In that photo he is sitting under his basking lamp - not a fluorescent strip.


----------



## black_piranha (Jan 12, 2006)

these guys can get huge! i saw a 3 footer at tha national zoo!


----------



## bobme (Feb 17, 2003)

well i got room for him


----------



## Mettle (Dec 29, 2003)

Does the basking lamp you have emit uvb?


----------



## furious piranha (Mar 22, 2005)

yo tahts a cool ass turtle.....thats a nice baskin pic too


----------



## bobme (Feb 17, 2003)

I think so ...
Its a zoo med basking lamp bulb but i dont remeber nor do i have the box.


----------



## Mettle (Dec 29, 2003)

bobme said:


> I think so ...
> Its a zoo med basking lamp bulb but i dont remeber nor do i have the box.


If it's a bulb that emits uvb you'd know as it would have been expensive. A lot more than regular basking lights... Otherwise it's just emitting UVA.

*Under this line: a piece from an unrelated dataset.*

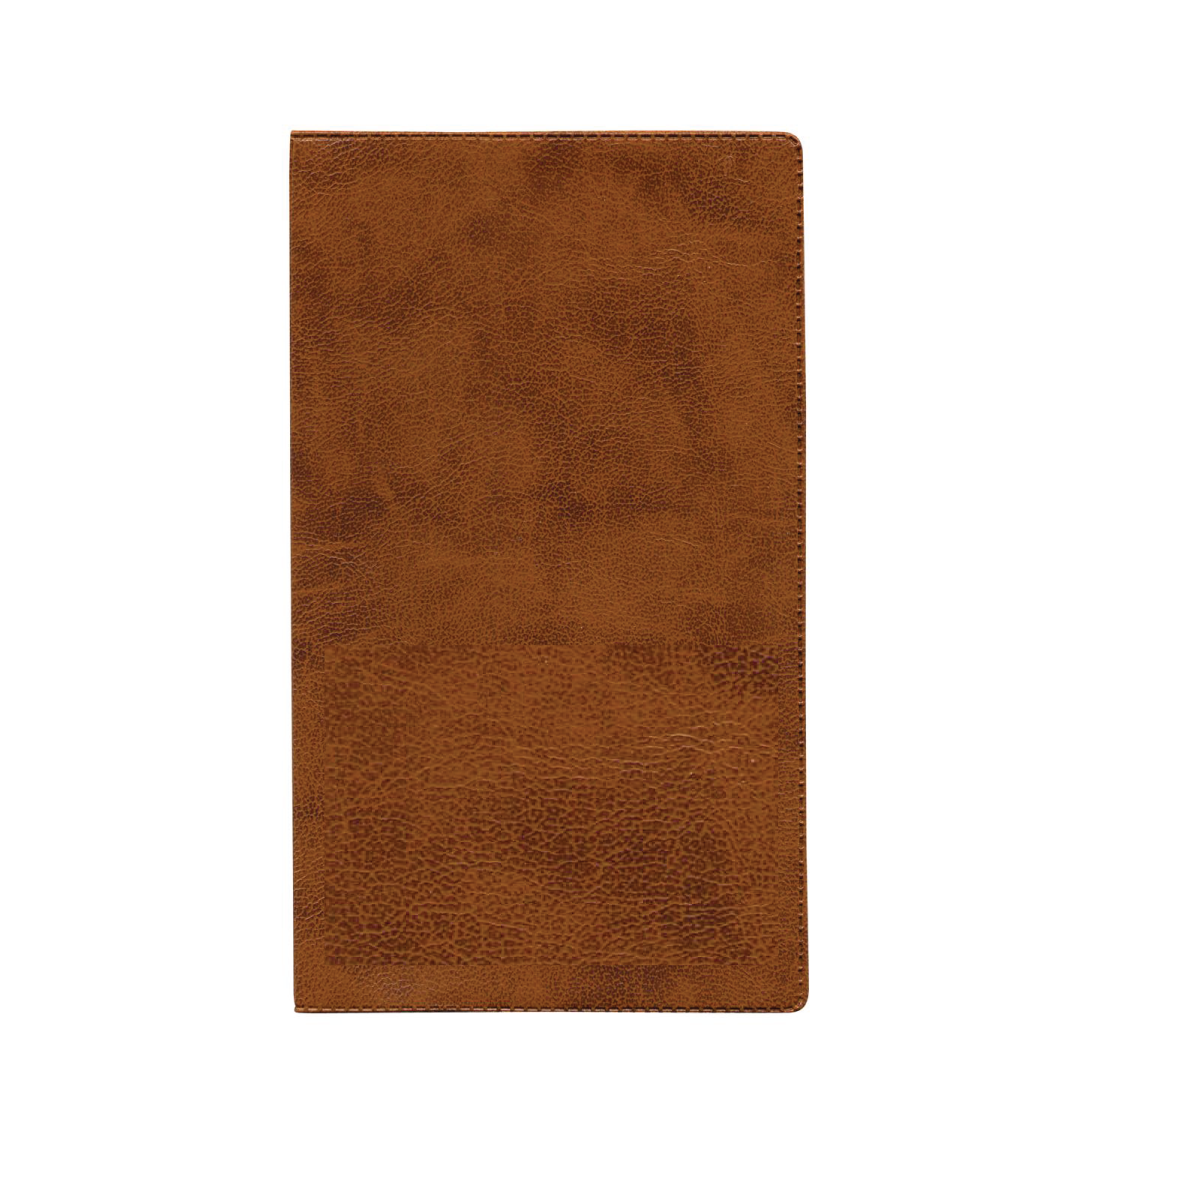 Almond Executive Monthly Pocket Planner
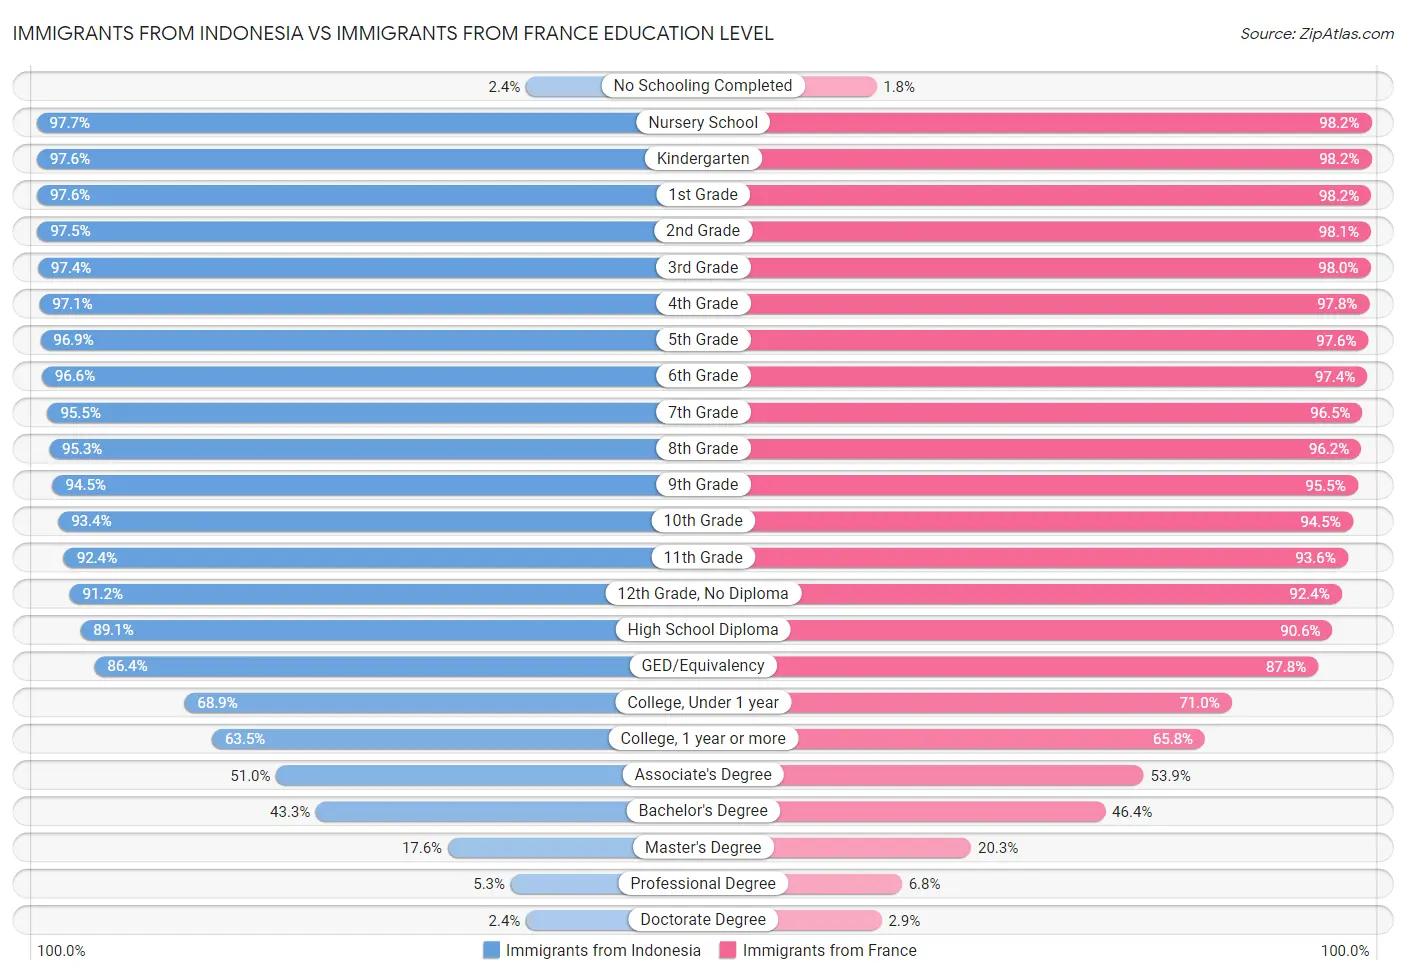 Immigrants from Indonesia vs Immigrants from France Education Level

I'd get a small strip light and place it over the basking area as well and stick a fluorescent reptile uvb bulb in there.


----------



## dumbass (May 28, 2006)

what kinda rock is that in the pic any particular kind? the pic is great is as if the turtle posed for that pic.


----------



## Froogle (Mar 15, 2006)

cute


----------



## piranha5150 (Jul 27, 2006)

PiranhaAttack said:


> what kinda rock is that in the pic any particular kind? the pic is great is as if the turtle posed for that pic.


That is a basking dock...


----------



## CrocKeeper (Dec 26, 2003)

It is always neat to see Softy keepers...they are remarkable captives, and they only become more fascinating as large adults...


----------



## studmuffin992 (Feb 27, 2006)

i just purchased 2 of these they are around half an inch long great little feeders going wild on blood worms.


----------



## lastgreengarden (Sep 13, 2006)

very very cool photo, fist time ive ever seen a turtle like that.. nice choice!


----------